Instead of our normal routine of leaving campus on a Friday evening, we found ourselves piling into the old minivan at 39th and Spruce on a Monday just after noon. The six of us, including Mac Agnese, Catie Hopkins, Cary Kane, Nina Kaledin, Joe Farned, and myself, crammed ourselves and all of our gear into the van for what we hoped would be a four-day excursion. Unlike any other college regatta, or any other national championship prior to this year, all 36 semi-final teams would be at the national finals. However, only 18 would earn the right to sail in the championship. Think of it like making the cut in a major golf tournament, or winning a first-round game at the NCAA tournament (if only Penn could do that….).
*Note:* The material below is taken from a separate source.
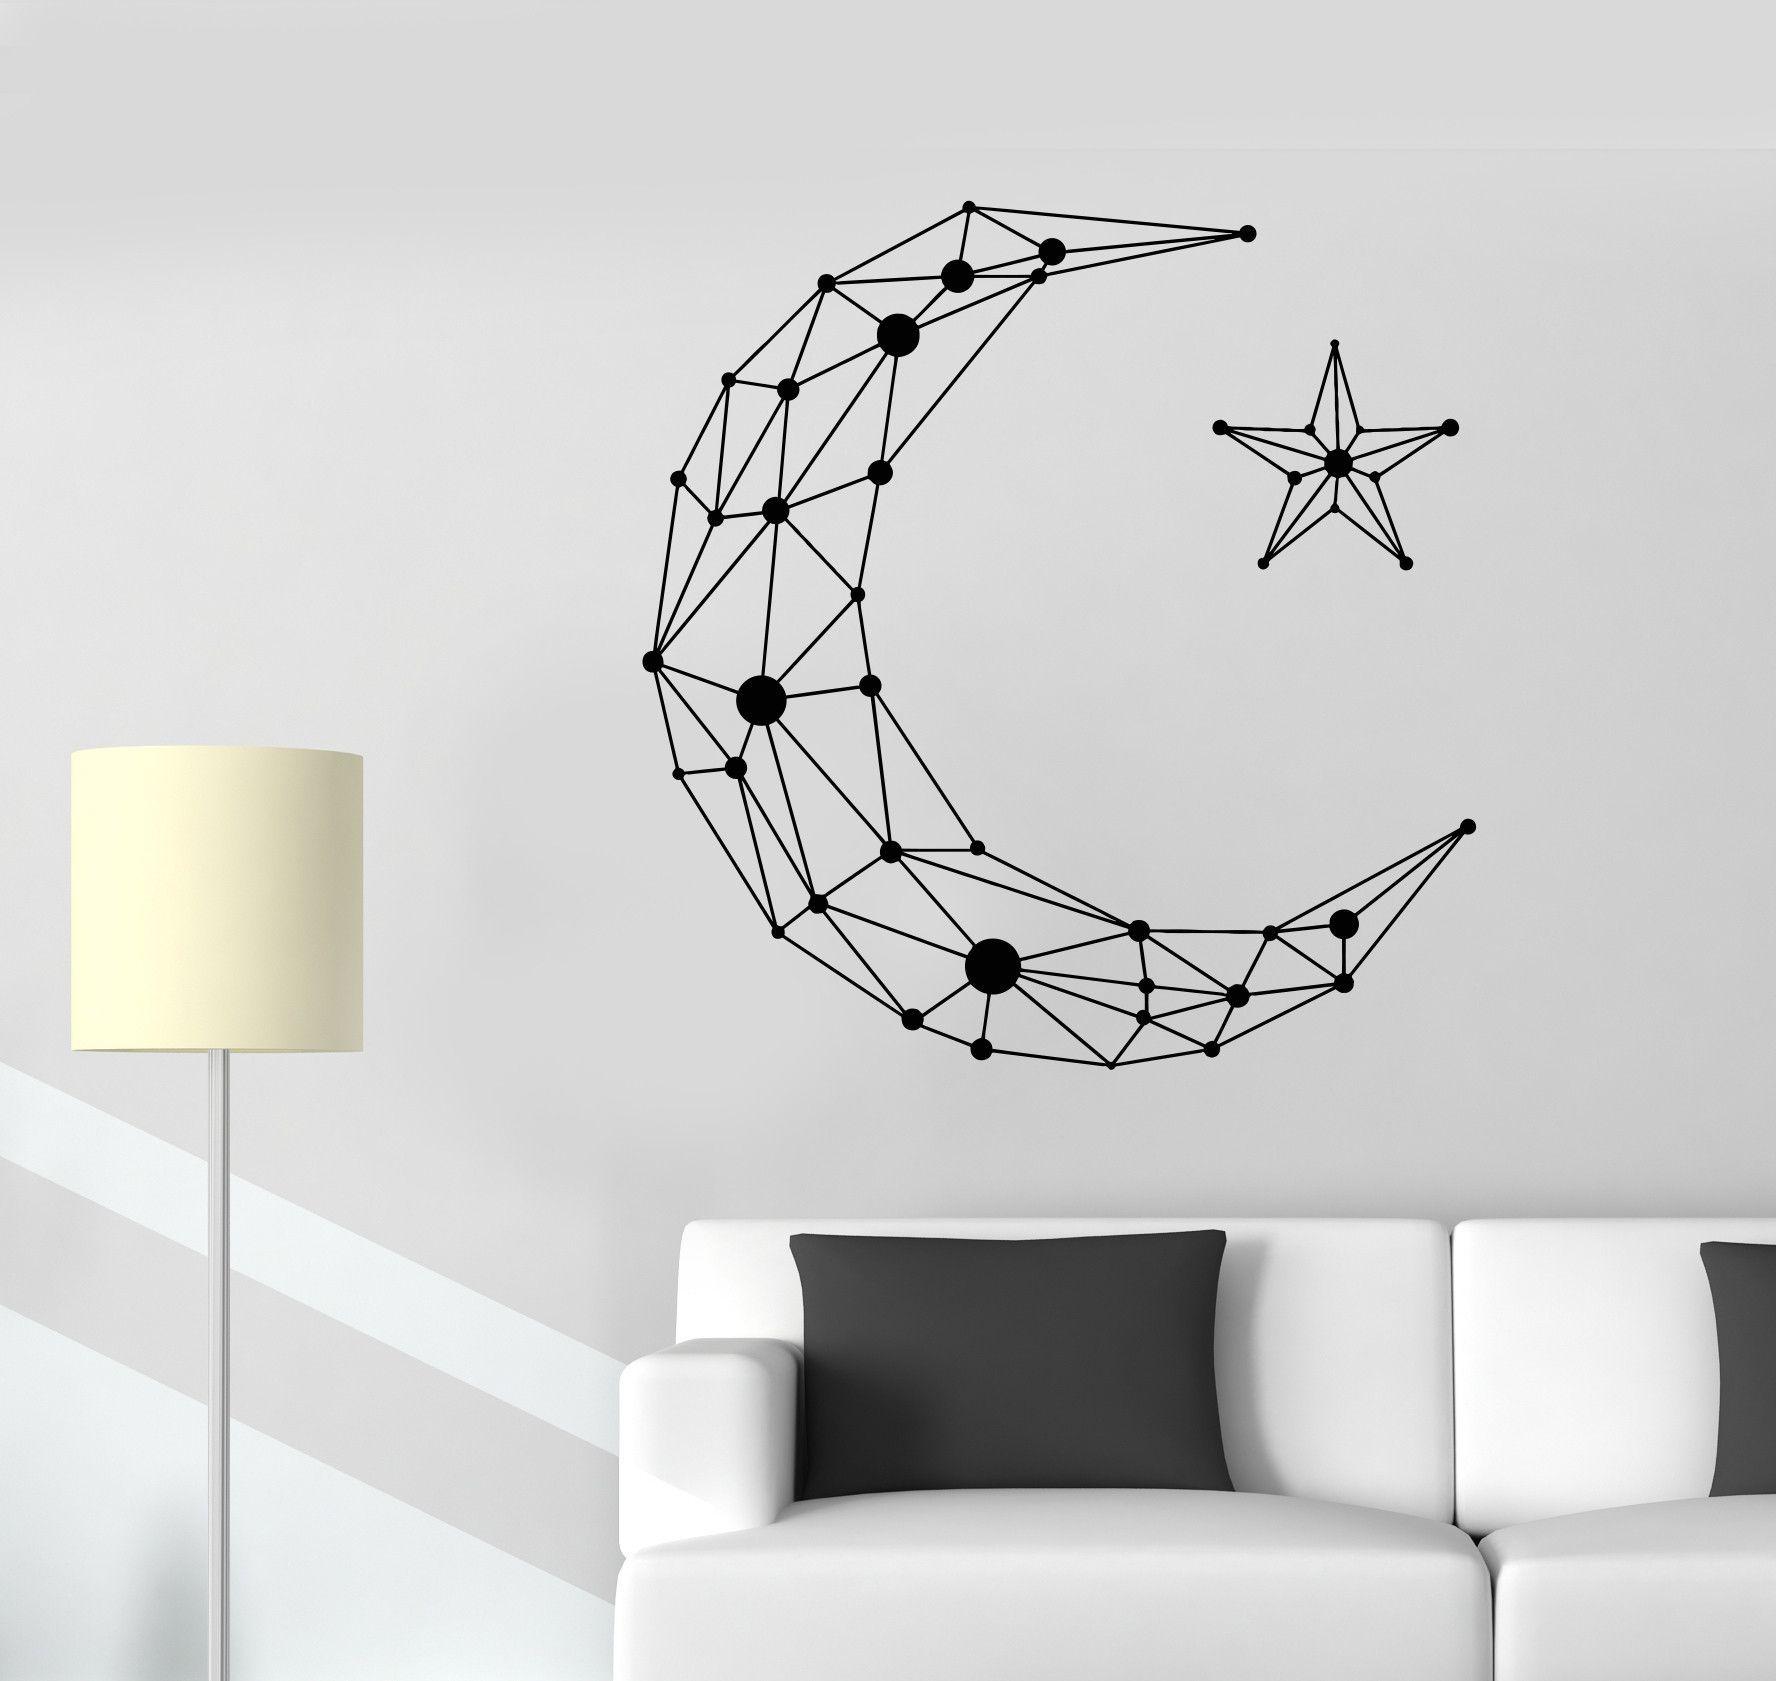 Vinyl Wall Decal Geometric Moon Star Art Decor Room Decoration

The format for the semi-finals was, like the past six years, two fleets of 18 boats determined by seeding. The top 9 from each side, “East” and “West” would advance to the final fleet. We qualified for the semis by placing an all-time best 5th in our spring conference championship, but now it was time to prove we belonged in the finals.
The first day of the regatta dawned with light but steady breeze and generally perfect conditions for racing. It was the first time since beginner Optis that I felt pre-race nerves as Cary and I sailed to the starting line. It didn’t take long for those to dissipate after we nailed our first start, winning the pin and sailing to a 4th place finish! We placed 10th the next race giving us a solid position to work with. Mac and Catie sailed next, earning two mid-fleet finishes in B Division to put us in 10th place, only 2 points out of the coveted 9th qualifying spot. Unfortunately the breeze did not cooperate for the rest of the day, forcing the race committee to send us home with only two races in the books and a relatively bleak wind forecast for the following day.
But Wednesday arrived with a solid breeze around 5-8 knots, allowing both A and B Divisions to get in two more races before the wind shut off. Mac and I both sailed consistently by getting 7, 10 and 8, 9 respectively. However, we were still two points out of qualifying after 4 races in each division, so we prayed to the wind gods to deliver a sea breeze sometime before the 5:00 cutoff time for racing. They delivered, bringing in a light southerly across historic Church Point around 3:00. The officials scrambled to set a course and get in additional races.
At this point, it was a dogfight for the last spot between us, Wisconsin, Michigan, and UC Santa Barbara. Knowing we would only get two more races each, both Mac and I kept close tabs on those teams off the line. After one more A Division race, we were just inside of qualifying, edging out Wisco by one point. But from there things started to get messy, and our relative inexperience in national competition began to show. We couldn’t quite get it done in either division, losing out to both Wisco and UCSB giving us an 11th place finish.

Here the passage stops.